* [What is being asked]
Take the entries below and retype them exactly.

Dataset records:

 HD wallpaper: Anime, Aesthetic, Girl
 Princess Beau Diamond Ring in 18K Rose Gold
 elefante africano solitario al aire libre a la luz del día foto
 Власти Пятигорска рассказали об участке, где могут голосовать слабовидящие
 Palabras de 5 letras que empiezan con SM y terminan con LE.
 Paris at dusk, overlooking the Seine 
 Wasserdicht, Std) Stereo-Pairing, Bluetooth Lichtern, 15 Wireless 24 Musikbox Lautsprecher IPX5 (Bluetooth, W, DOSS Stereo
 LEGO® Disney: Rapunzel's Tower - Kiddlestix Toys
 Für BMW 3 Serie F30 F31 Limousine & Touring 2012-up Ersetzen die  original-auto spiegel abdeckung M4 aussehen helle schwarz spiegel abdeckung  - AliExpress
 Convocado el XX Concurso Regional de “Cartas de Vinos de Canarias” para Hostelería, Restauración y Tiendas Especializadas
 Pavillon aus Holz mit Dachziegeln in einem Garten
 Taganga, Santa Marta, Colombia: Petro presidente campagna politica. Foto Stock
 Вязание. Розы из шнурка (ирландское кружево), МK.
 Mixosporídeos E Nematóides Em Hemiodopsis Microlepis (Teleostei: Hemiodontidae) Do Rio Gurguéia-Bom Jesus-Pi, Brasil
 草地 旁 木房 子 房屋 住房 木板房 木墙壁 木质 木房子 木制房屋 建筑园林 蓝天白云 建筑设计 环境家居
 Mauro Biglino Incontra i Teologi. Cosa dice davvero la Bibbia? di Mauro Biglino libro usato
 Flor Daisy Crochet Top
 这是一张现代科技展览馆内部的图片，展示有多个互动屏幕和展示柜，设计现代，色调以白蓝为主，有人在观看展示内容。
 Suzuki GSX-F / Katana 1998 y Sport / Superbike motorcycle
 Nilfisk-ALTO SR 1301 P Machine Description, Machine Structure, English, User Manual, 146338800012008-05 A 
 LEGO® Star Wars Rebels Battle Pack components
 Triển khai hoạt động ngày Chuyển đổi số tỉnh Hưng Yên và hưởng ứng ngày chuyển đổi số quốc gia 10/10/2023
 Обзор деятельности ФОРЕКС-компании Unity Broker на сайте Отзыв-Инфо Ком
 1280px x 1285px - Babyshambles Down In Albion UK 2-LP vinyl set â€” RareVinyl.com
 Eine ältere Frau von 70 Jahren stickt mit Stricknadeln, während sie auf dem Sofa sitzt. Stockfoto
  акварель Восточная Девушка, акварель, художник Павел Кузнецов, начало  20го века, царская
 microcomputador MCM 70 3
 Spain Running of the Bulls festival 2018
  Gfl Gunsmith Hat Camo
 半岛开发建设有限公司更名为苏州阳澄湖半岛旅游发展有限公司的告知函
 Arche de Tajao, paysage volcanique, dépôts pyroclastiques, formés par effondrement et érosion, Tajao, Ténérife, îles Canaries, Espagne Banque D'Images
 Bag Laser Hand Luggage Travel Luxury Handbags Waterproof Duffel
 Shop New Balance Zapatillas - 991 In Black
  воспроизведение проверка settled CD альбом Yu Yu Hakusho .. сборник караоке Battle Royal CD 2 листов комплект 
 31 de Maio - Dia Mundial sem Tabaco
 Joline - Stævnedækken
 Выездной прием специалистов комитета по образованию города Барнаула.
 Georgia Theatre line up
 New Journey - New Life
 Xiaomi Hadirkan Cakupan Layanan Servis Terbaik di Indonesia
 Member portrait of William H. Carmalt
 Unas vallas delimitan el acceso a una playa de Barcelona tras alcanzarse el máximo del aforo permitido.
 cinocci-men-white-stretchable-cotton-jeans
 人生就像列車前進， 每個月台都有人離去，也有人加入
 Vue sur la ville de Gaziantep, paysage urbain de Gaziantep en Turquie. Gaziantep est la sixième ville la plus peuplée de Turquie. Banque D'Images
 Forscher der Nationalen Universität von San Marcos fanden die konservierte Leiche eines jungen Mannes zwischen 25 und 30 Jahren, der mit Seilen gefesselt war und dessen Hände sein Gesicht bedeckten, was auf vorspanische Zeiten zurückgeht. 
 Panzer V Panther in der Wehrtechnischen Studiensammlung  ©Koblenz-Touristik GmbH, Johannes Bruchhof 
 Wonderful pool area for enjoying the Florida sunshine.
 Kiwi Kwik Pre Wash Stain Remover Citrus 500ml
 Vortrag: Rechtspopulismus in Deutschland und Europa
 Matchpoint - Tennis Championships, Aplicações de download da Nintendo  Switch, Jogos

* [Answer space]
 HD wallpaper: Anime, Aesthetic, Girl
 Princess Beau Diamond Ring in 18K Rose Gold
 elefante africano solitario al aire libre a la luz del día foto
 Власти Пятигорска рассказали об участке, где могут голосовать слабовидящие
 Palabras de 5 letras que empiezan con SM y terminan con LE.
 Paris at dusk, overlooking the Seine 
 Wasserdicht, Std) Stereo-Pairing, Bluetooth Lichtern, 15 Wireless 24 Musikbox Lautsprecher IPX5 (Bluetooth, W, DOSS Stereo
 LEGO® Disney: Rapunzel's Tower - Kiddlestix Toys
 Für BMW 3 Serie F30 F31 Limousine & Touring 2012-up Ersetzen die  original-auto spiegel abdeckung M4 aussehen helle schwarz spiegel abdeckung  - AliExpress
 Convocado el XX Concurso Regional de “Cartas de Vinos de Canarias” para Hostelería, Restauración y Tiendas Especializadas
 Pavillon aus Holz mit Dachziegeln in einem Garten
 Taganga, Santa Marta, Colombia: Petro presidente campagna politica. Foto Stock
 Вязание. Розы из шнурка (ирландское кружево), МK.
 Mixosporídeos E Nematóides Em Hemiodopsis Microlepis (Teleostei: Hemiodontidae) Do Rio Gurguéia-Bom Jesus-Pi, Brasil
 草地 旁 木房 子 房屋 住房 木板房 木墙壁 木质 木房子 木制房屋 建筑园林 蓝天白云 建筑设计 环境家居
 Mauro Biglino Incontra i Teologi. Cosa dice davvero la Bibbia? di Mauro Biglino libro usato
 Flor Daisy Crochet Top
 这是一张现代科技展览馆内部的图片，展示有多个互动屏幕和展示柜，设计现代，色调以白蓝为主，有人在观看展示内容。
 Suzuki GSX-F / Katana 1998 y Sport / Superbike motorcycle
 Nilfisk-ALTO SR 1301 P Machine Description, Machine Structure, English, User Manual, 146338800012008-05 A 
 LEGO® Star Wars Rebels Battle Pack components
 Triển khai hoạt động ngày Chuyển đổi số tỉnh Hưng Yên và hưởng ứng ngày chuyển đổi số quốc gia 10/10/2023
 Обзор деятельности ФОРЕКС-компании Unity Broker на сайте Отзыв-Инфо Ком
 1280px x 1285px - Babyshambles Down In Albion UK 2-LP vinyl set â€” RareVinyl.com
 Eine ältere Frau von 70 Jahren stickt mit Stricknadeln, während sie auf dem Sofa sitzt. Stockfoto
  акварель Восточная Девушка, акварель, художник Павел Кузнецов, начало  20го века, царская
 microcomputador MCM 70 3
 Spain Running of the Bulls festival 2018
  Gfl Gunsmith Hat Camo
 半岛开发建设有限公司更名为苏州阳澄湖半岛旅游发展有限公司的告知函
 Arche de Tajao, paysage volcanique, dépôts pyroclastiques, formés par effondrement et érosion, Tajao, Ténérife, îles Canaries, Espagne Banque D'Images
 Bag Laser Hand Luggage Travel Luxury Handbags Waterproof Duffel
 Shop New Balance Zapatillas - 991 In Black
  воспроизведение проверка settled CD альбом Yu Yu Hakusho .. сборник караоке Battle Royal CD 2 листов комплект 
 31 de Maio - Dia Mundial sem Tabaco
 Joline - Stævnedækken
 Выездной прием специалистов комитета по образованию города Барнаула.
 Georgia Theatre line up
 New Journey - New Life
 Xiaomi Hadirkan Cakupan Layanan Servis Terbaik di Indonesia
 Member portrait of William H. Carmalt
 Unas vallas delimitan el acceso a una playa de Barcelona tras alcanzarse el máximo del aforo permitido.
 cinocci-men-white-stretchable-cotton-jeans
 人生就像列車前進， 每個月台都有人離去，也有人加入
 Vue sur la ville de Gaziantep, paysage urbain de Gaziantep en Turquie. Gaziantep est la sixième ville la plus peuplée de Turquie. Banque D'Images
 Forscher der Nationalen Universität von San Marcos fanden die konservierte Leiche eines jungen Mannes zwischen 25 und 30 Jahren, der mit Seilen gefesselt war und dessen Hände sein Gesicht bedeckten, was auf vorspanische Zeiten zurückgeht. 
 Panzer V Panther in der Wehrtechnischen Studiensammlung  ©Koblenz-Touristik GmbH, Johannes Bruchhof 
 Wonderful pool area for enjoying the Florida sunshine.
 Kiwi Kwik Pre Wash Stain Remover Citrus 500ml
 Vortrag: Rechtspopulismus in Deutschland und Europa
 Matchpoint - Tennis Championships, Aplicações de download da Nintendo  Switch, Jogos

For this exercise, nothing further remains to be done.